# OEM Turbo Question



## sentrastud (May 3, 2002)

Hey, when you buy a new car that comes with a turbo installed from the factory, do you have to buy premium gas to avoid knocking and pinigng? Or can you get away knock and ping free on 87 ocatane stuff?

-Nick


----------



## barnoun (May 7, 2002)

I think it varies with what the manufacturer recommends, since they tune it for whatever gas they want the consumer to use. I'd still get premium though, since it's just a better fuel.


----------



## stealthb14 (Apr 30, 2002)

Nick,

I have no clue about turbos, but I'm going to move this thread to our forced induction forum. 

-Sam


----------



## sentrastud (May 3, 2002)

stealthb14- sorry, i should have posted it there in the first place. wasnt thinking...

Im just curious, because if they can get turbos to run on 87 octane without knocking and pinging, then how can i do the same kinda thing on my vehicle if i was to turbo it??

-Nick


----------



## nak1 (May 17, 2002)

*i may be way off base here....*

but im pretty sure it has to do with the compression. the lower the compression the factory uses on their ride the lower the gas can be..... but dont quote me on that.


----------



## Nismo Skyline (May 2, 2002)

Any current production car that's out there made by Nissan has a knock sensor, regardless of turbo or not. The tune the ignition and fuel mapping around 91 octane fuel for best performance and fuel economy. They can run more ignition advance and slightly leaner.

Now when you put 87 octane into the car, the knock sensor is going to tell the ECU to retard timing. If the ECU still sees a lot of activity from the knock sensor, it will switch to a low octane map and retard the timing and richen the mixture. On a Z32 it also lowers the boost pressure. It will stay on the low octane map until you cycle the ignition switch.

Since Nissan doesn't sell and turbo cars in the US at the moment, I can't say what their recent thinking is. On Nissan's current engines it is more aggressive about switching back to the high octane map and will try to do it without cycling the key.


----------



## sentrastud (May 3, 2002)

so if i was to start using 91 octane gas, then the enigne would actually advance timing a bit? And make more power? I dunno, maybe i should stop buying the 87 octane water, i get now.

-Nick


----------



## Nismo Skyline (May 2, 2002)

you should use what the O/M recommends. If it says 87, then run 87 and you are fine. If it says 87 and you run 91, you won't get any benefit. If you run 91 and advance the ignition timing 3-5 degrees, then you will take advantage of the 91 octane and pickup some HP. If you run the 91 and change nothing, then you are wasting money if the O/M doesn't recommend it.


----------



## Guest (Jul 22, 2002)

I have to backup what Nismo Skyline said. I bought a WRX last year.
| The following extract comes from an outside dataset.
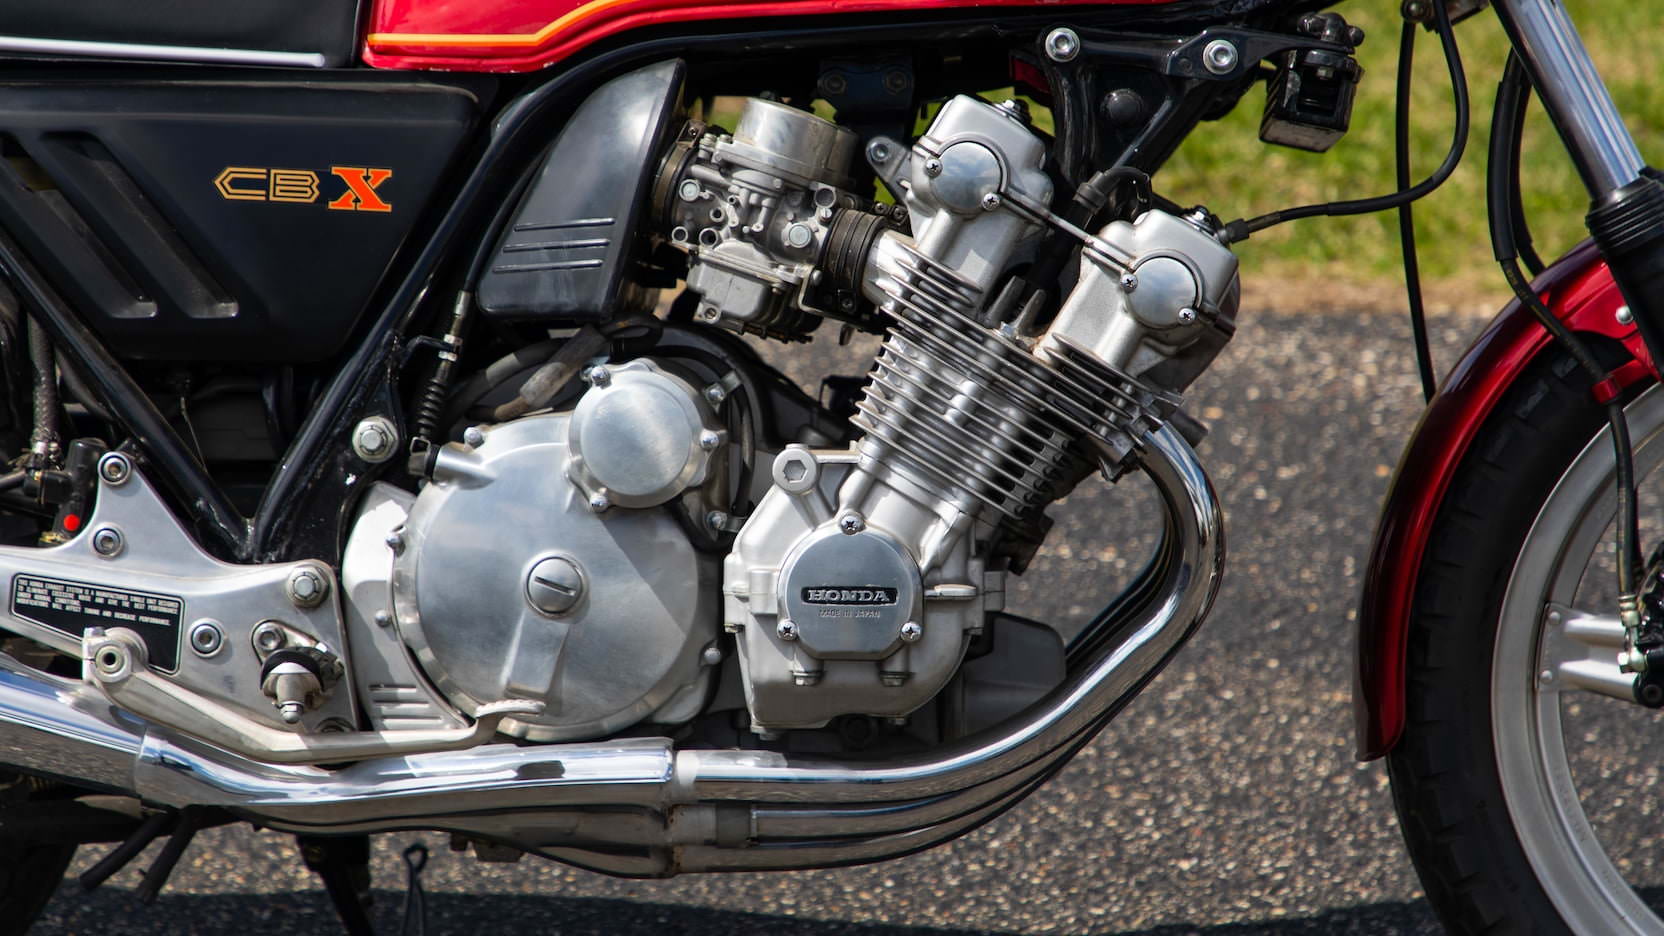 Insane Build: Two 6-cylinder motorcycle engines came together to power this  mad sounding V12 Honda CBX (Video Included)

O/M said to run 91 and up, anything less could damage the engine. Of course we all know the damage would be from detonation. Sometimes the O/M will specify, something like "for best performance use only 89-91 octane unleaded gasoline", or it might say use only 91+ octane. On some engines, mostly N/A, it won't make much difference in performance if you don't follow what the O/M says. But in other engines, it can be crucial. More so with any engine that happens to be turbo or super charged


----------



## bahearn (Jul 15, 2002)

Octane requirement is set by the engine design. Turbo engines can easily enter detonation conditions, so they are usually spec'ed for high octane. Turbo versions of an N/A engine generally use lowered compression and less aggressive cams to stay out of detonation. More sophisticated set-ups will use timing and fuel flow adjustments as well as intercoolers and some sort of anti-detonation fluid.


----------